William Jefferson Clinton signed NAFTA—perhaps the biggest single blow to the American middle and working classes in the past generation—into law. He bears partial blame for the subprime mortgage scandal. When he left office, he left every American man, woman, and child nearly $5,500 deeper in debt than they were the day he took office. Then there’s Whitewater and Vince Foster and Chinagate and impeachment and perjury and disbarment and dead witnesses and multiple suicides.
So along comes Bill Clinton to remind the world that he hangs out with HIV-positive kids at Cambodian orphanages and wants to prevent tobacco-related deaths in sub-Saharan Africa and how he helped small businesses in Harlem and really hates malaria and spends sleepless nights crying about Haiti’s plight.
Pardon me, but I don’t think I have a dog in this here fight.
How does the average American benefit from his excessive bursts of philanthropy? During the other night’s concert, I don’t remember anyone making a peep about the average American, nor so much as acknowledging that such a species exists.
For the 2007 tax year, the William J. Clinton Foundation took in around $130 million, over a third of which came from government grants.

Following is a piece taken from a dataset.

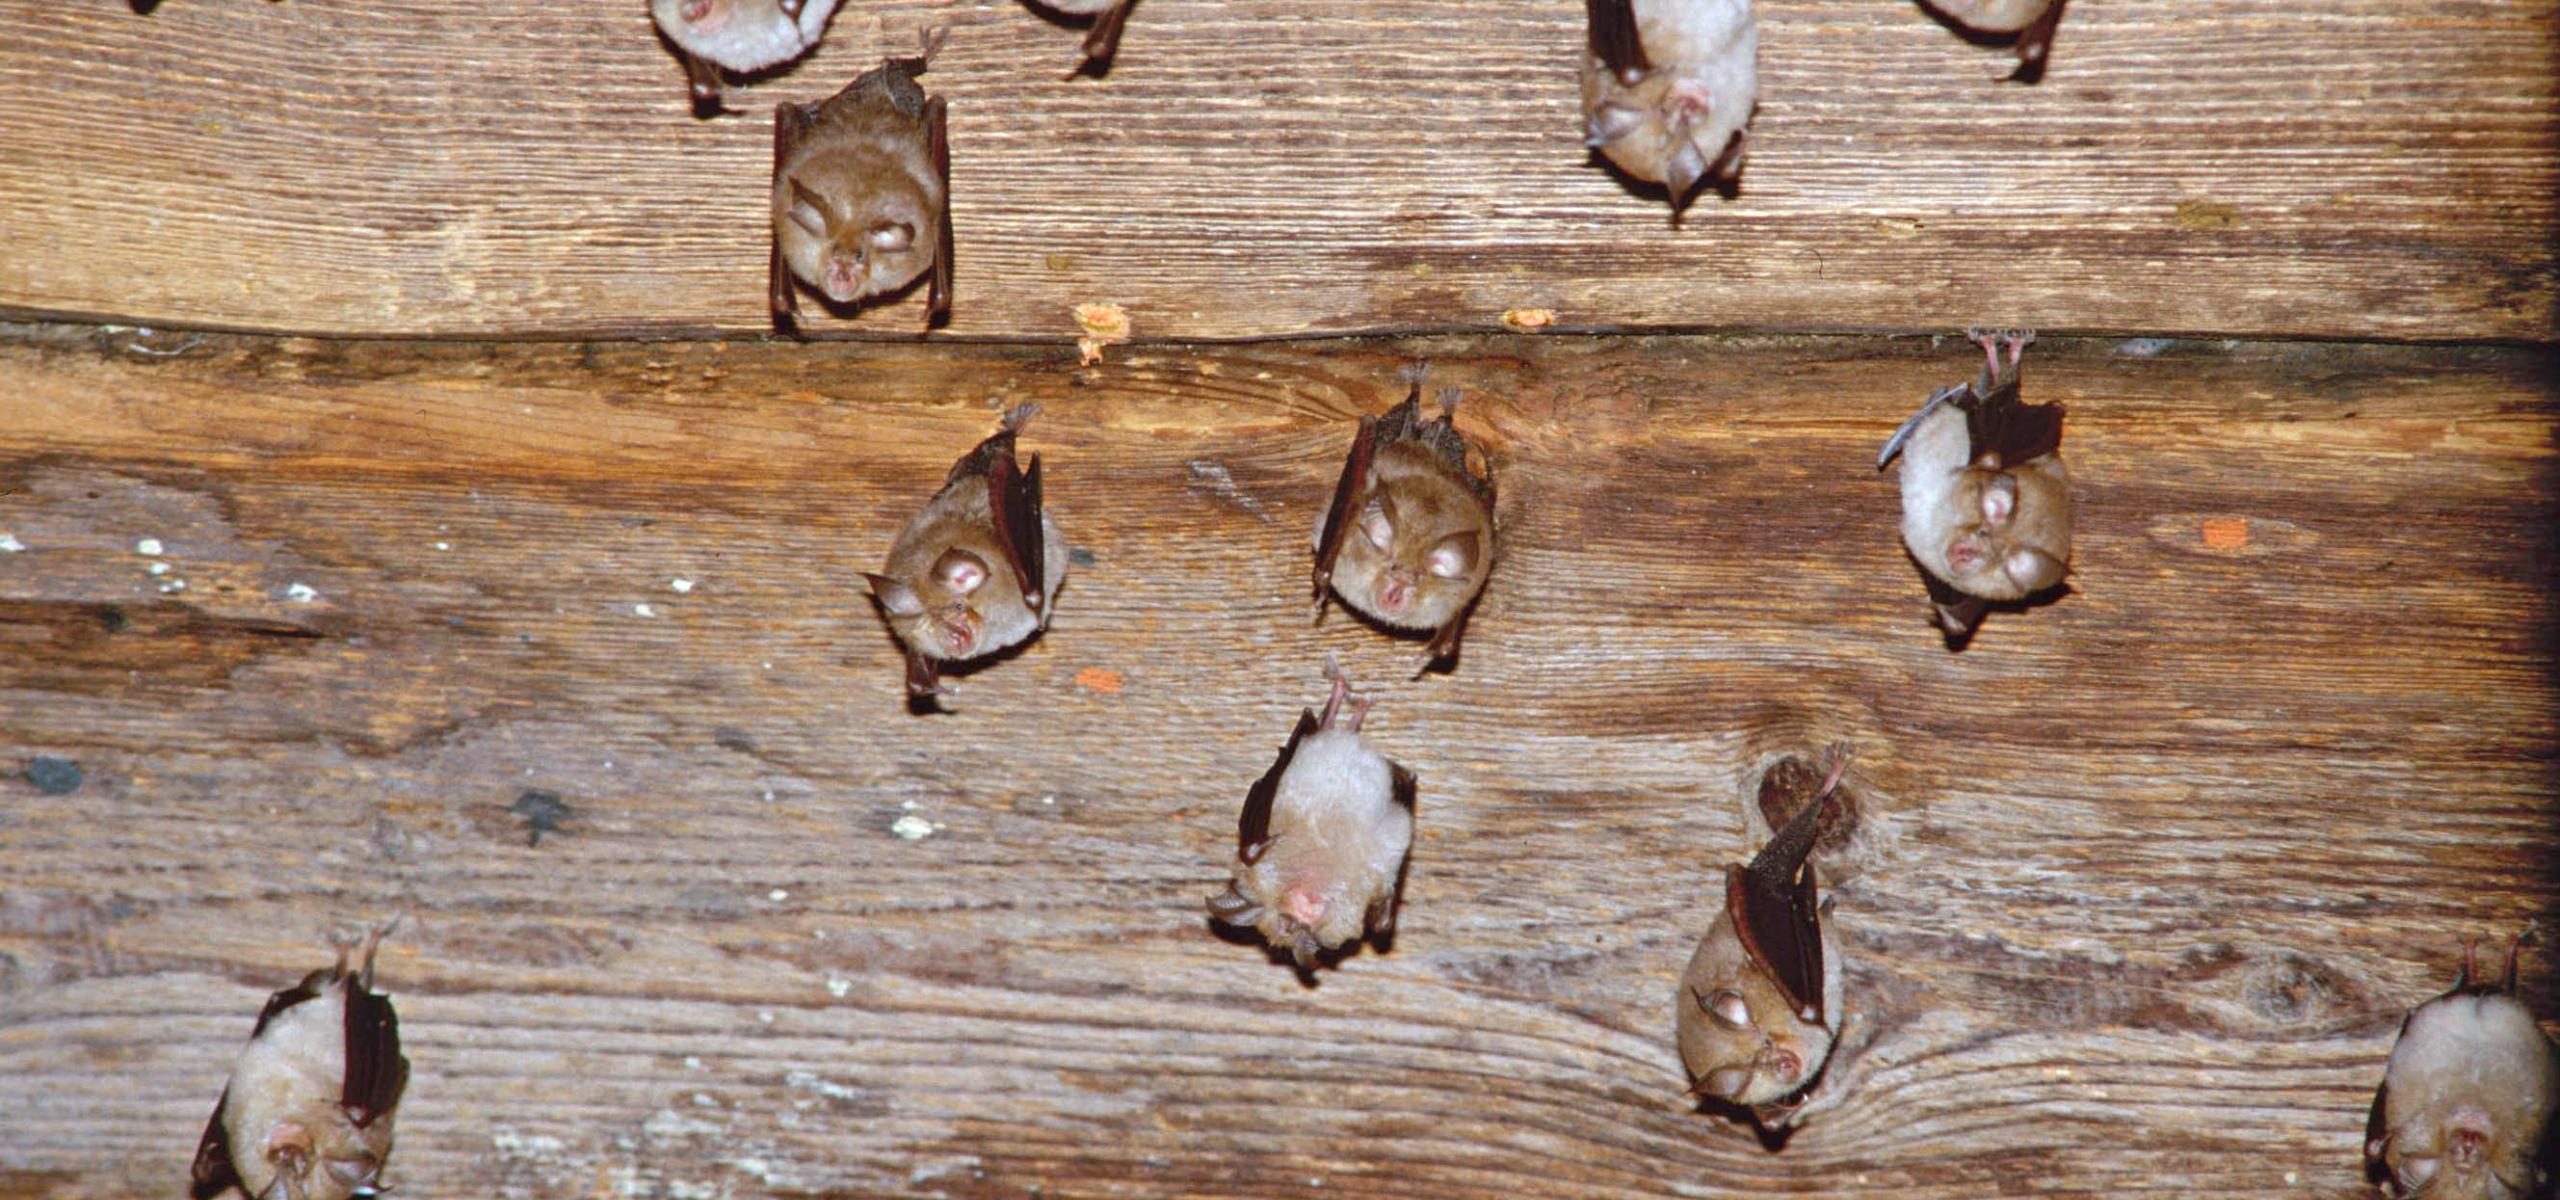 Small bats hanging upside down from the wooden ceiling

So not only does the average non-cosmopolitan American taxpayer likely not benefit from his organization, they’re actually being forced to pay part of the bill for him to indulge his narcissistic messiah fantasies on his dusky, exotic, starving AIDS pets halfway around the globe.
Bubba, I realize you insist on stroking yourself, but I’m going to have to demand you do it on your own dime.